The UKB is a cohort of 0.5M participants with extensive phenotypic information from questionnaire and spirometry, biochemistry, 150 individual NMR-metabolites, 3,000 proteomics, body imaging, large-scale whole genome genotyping, polygenic risk scores, hospitalisation and mortality registers. This project aims to systematically assess the observational and genetic relevance of various markers of adiposity to multiple respiratory outcomes within the UKB study population, and to elucidate the causal relationships between genetic signatures of different markers of adiposity and specific respiratory diseases. In-depth analyses will include both diagnosed and un-diagnosed lung impairment, their severity, and complications. 
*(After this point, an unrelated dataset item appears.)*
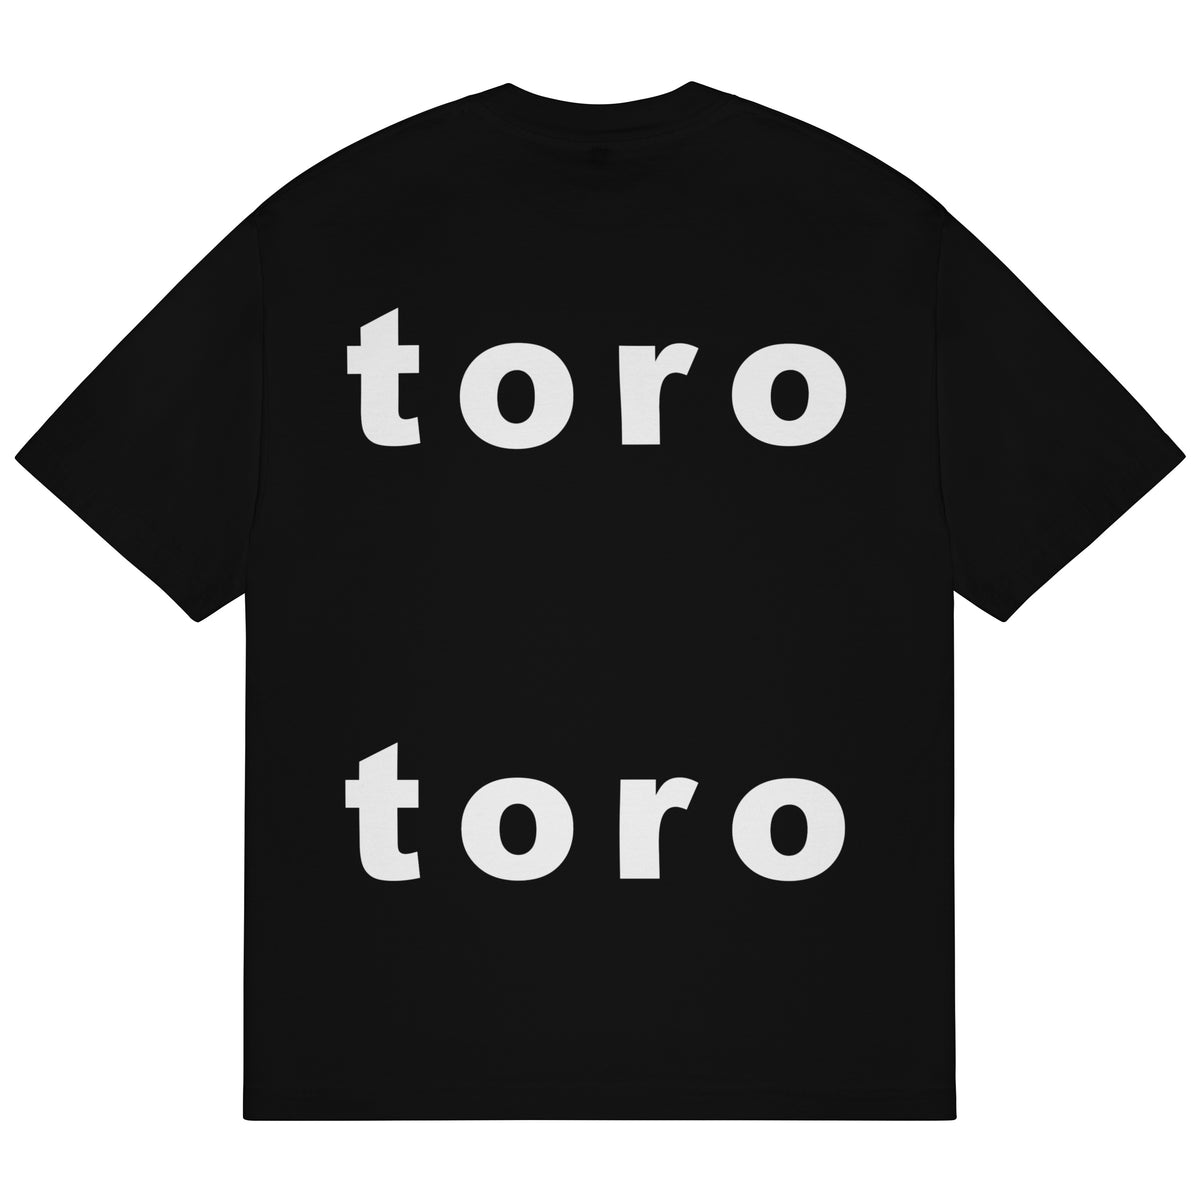 toro-toro T-Shirt (Black)

The aims for this project may include the following:

  1. Assess the shape and strength of associations of multiple markers of adiposity with lung function-measures, diagnosed respiratory diseases, fatal and non-fatal events.
  2. Employ Mendelian randomisation approaches (one- and two-sample methods) to assess causality of associations between adiposity traits and respiratory diseases.
  3. Assess the relevance of potential mediators from biomarker assays.

Comparable data are available in Chinese and Mexican populations from the China Kadoorie Biobank (CKB) and the Mexico City Prospective Study (MCPS), which could allow between-population comparisons across cohorts.


The student will gain experience in non-communicable diseases epidemiological research, genetic epidemiology and analysis of large-scale prospective data. They will develop skills in conducting systematic literature reviews, study design for causal inference in a general population context, statistical programming and data analysis, including different types of mediation analyses, and presentation skills. The student will be supported to publish peer-reviewed papers emerging from their DPhil. 


Training in advanced statistics, epidemiological methods, programming, and scientific writing will be provided. Attendance at seminars, workshops and courses provided by the Department and University will also be encouraged. There will be opportunity to present research work at relevant international/national conferences. 


The ideal candidate will have a Master’s degree in a relevant area (e.g. statistics/genetic epidemiology/biomedical or life sciences) and proficiency with programing analyses in STATA, R or SAS packages.